Since most plastics are light in weight, tough and durable and can be molded easily and arbitrarily, they are mass-produced to support our lives in many ways. However, when plastics are thrown away into the environment, they are not easily decomposed and are accumulated. When they are burnt, they emit a large amount of carbon dioxide, thereby accelerating global warming.
In view of this situation, researches into resins made from non-oil raw materials or biodegradable plastics which are degraded by microorganisms are now actively under way. The biodegradable plastics have an aliphatic carboxylate unit and are easily degraded by microorganisms. However, they have low heat stability and a serious problem such as a reduction in their molecular weights or the deterioration of their colors in the step where they are exposed to a high temperature, such as melt spinning, injection molding or melt film formation.

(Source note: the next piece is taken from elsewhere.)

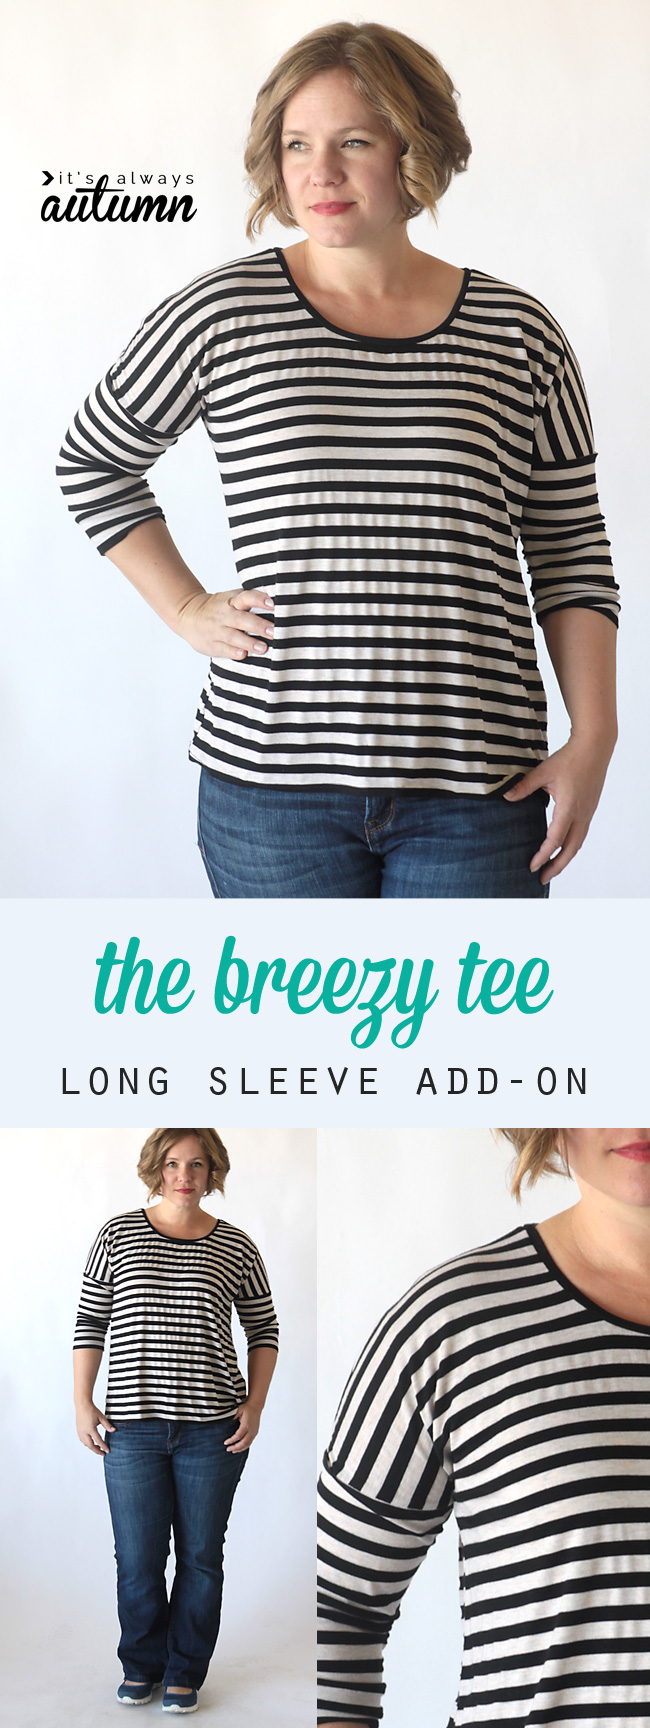 A woman wearing the breezy tee with long sleeves

Although polylactic acid, out of the degradable plastics, is a plastic which has excellent heat resistance and good balance between color and mechanical strength, when it is compared with petroleum-based resins typified by polyethylene terephthalate and polyamide, there is still a world of difference in heat stability between it and the petroleum-based resins. To overcome this situation, various studies have been made on the improvement of the heat stability of polylactic acid. For example, Patent Document 1 proposes that a phosphoric acid-based compound or phosphorous acid-based compound is added to polylactic acid as a catalyst deactivator when the molecular weight reaches 50,000 or more. Patent Documents 2 and 3 teach that an acidic phosphate or chelating agent is added as a catalyst deactivator to improve the heat stability of polylactic acid. However, the addition of the catalyst deactivator to the low-molecular weight polylactic acid as in Patent Document 1 impedes a subsequent polymerization reaction, thereby making it impossible to obtain a high-molecular weight polymer. Meanwhile, the acidic phosphate disclosed by Patent Documents 2 and 3 causes the corrosion of production equipment or the deterioration of the hydrolytic resistance of the resin due to its acidity. The chelating agent enumerated above generally has low heat resistance and burns before a metal catalyst is supplied, thereby causing serious coloration and bad smell.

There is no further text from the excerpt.